§ Prompt
The entries below contain pictures, which are to be left out; write out exactly, and only, the lines from the line with "VAUDE Women's Farley" up to and including the line with "Zelotinae, Ground Spider Stock Photo".

§ Data for the task

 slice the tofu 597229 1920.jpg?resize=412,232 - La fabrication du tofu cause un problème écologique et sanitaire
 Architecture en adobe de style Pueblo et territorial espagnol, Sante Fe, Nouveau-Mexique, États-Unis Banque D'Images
...
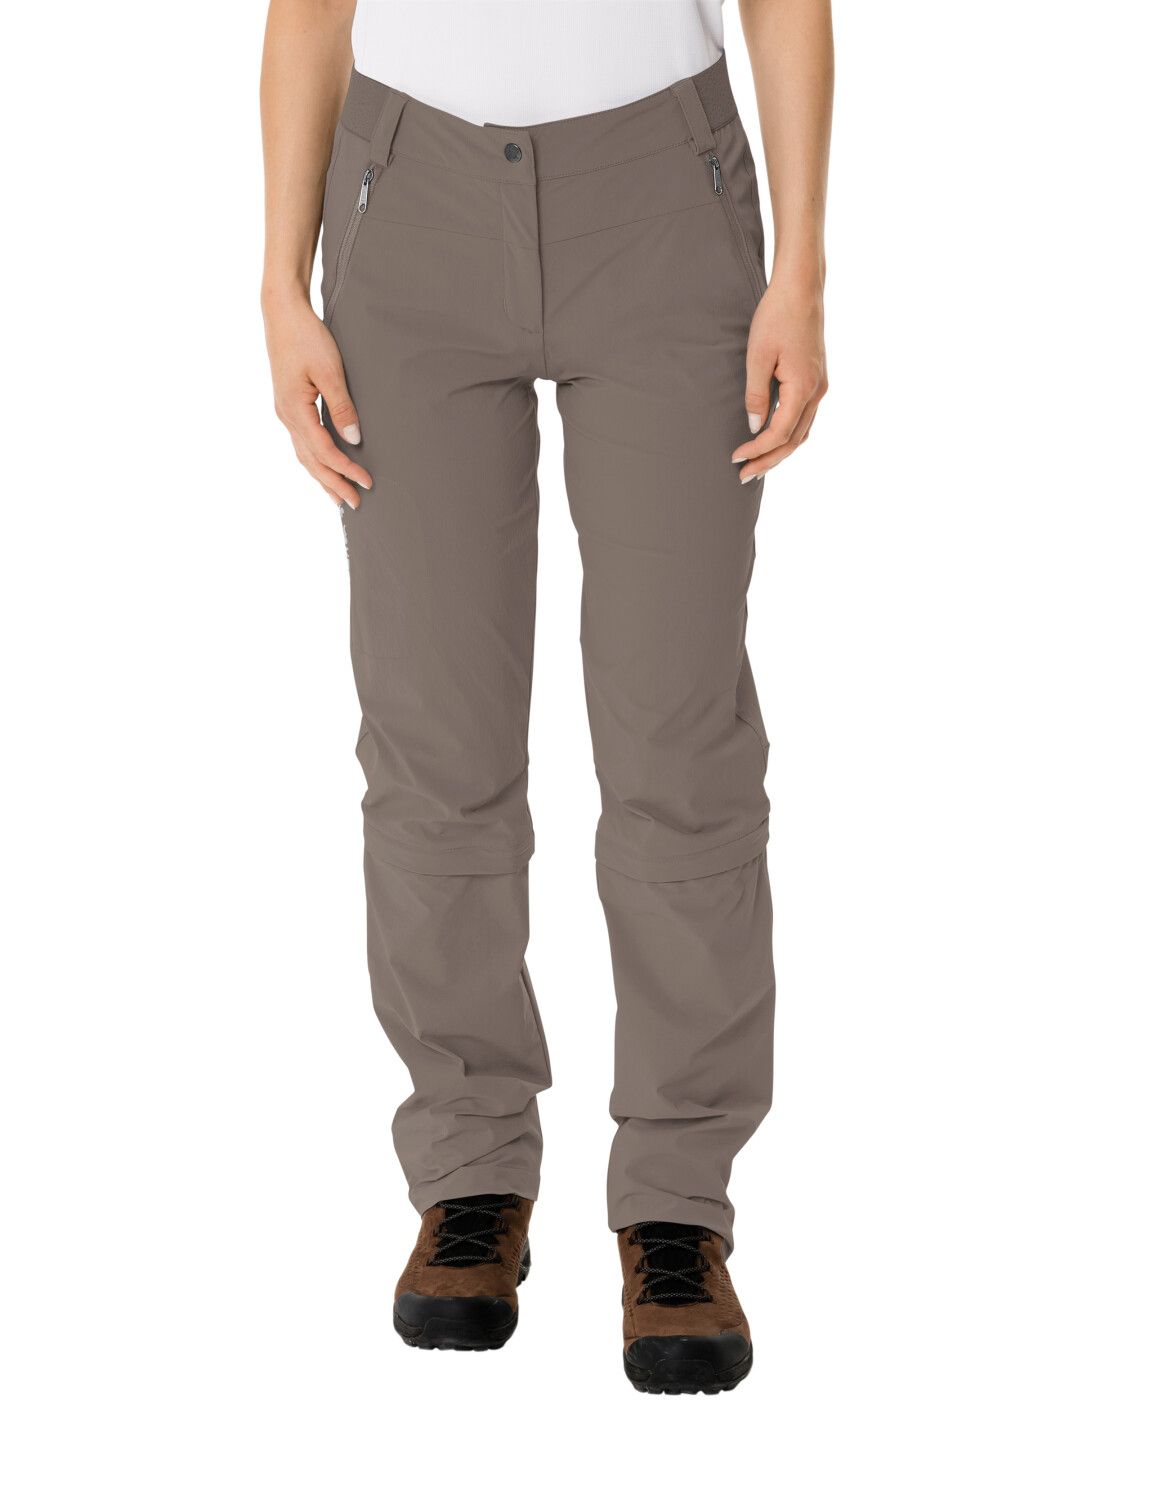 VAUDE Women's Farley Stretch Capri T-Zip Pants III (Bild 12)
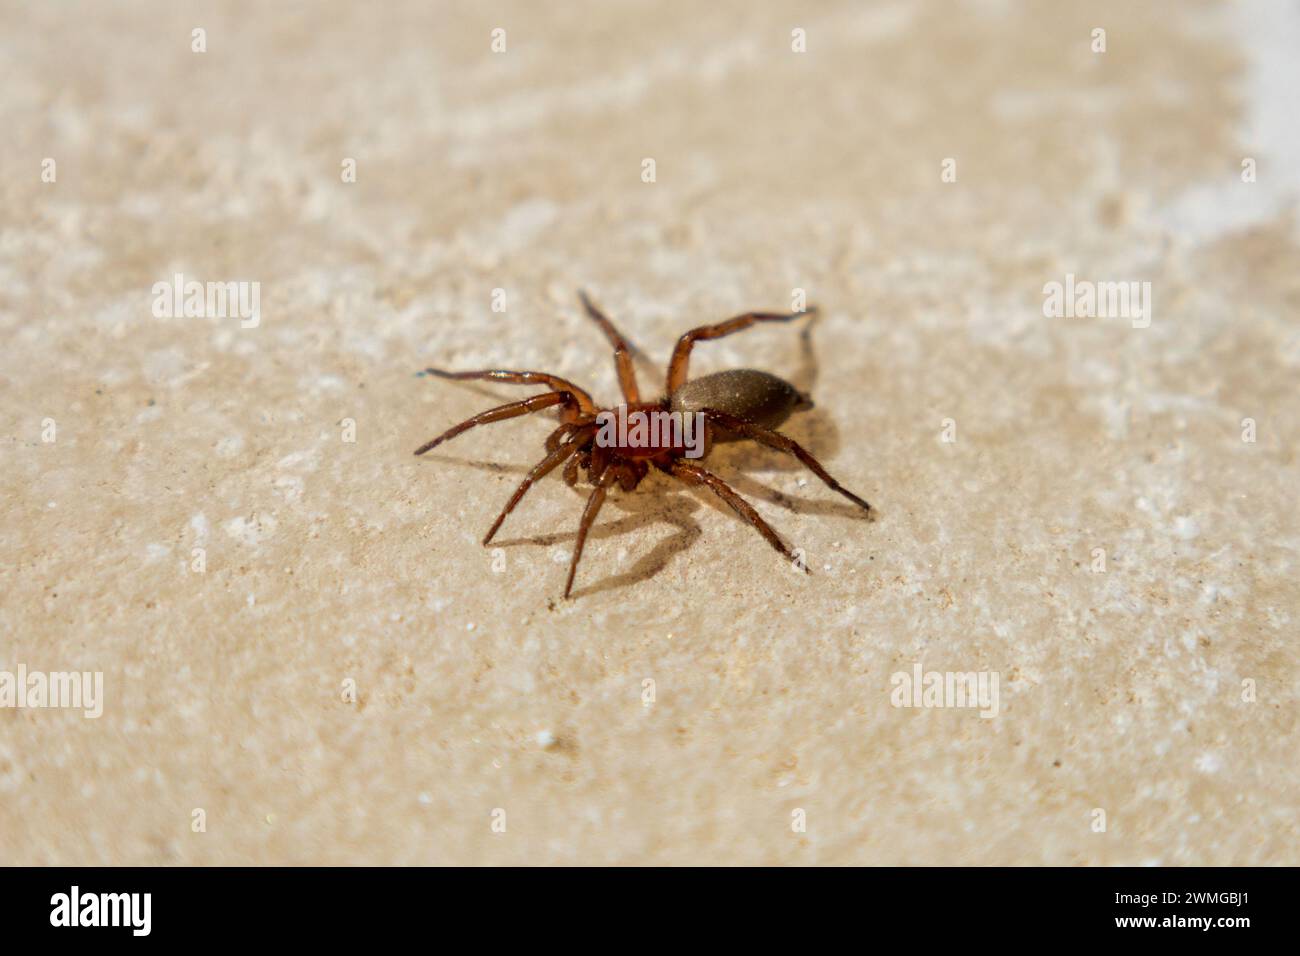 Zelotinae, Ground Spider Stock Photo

§ Answer space
 VAUDE Women's Farley Stretch Capri T-Zip Pants III (Bild 12)
 Zelotinae, Ground Spider Stock Photo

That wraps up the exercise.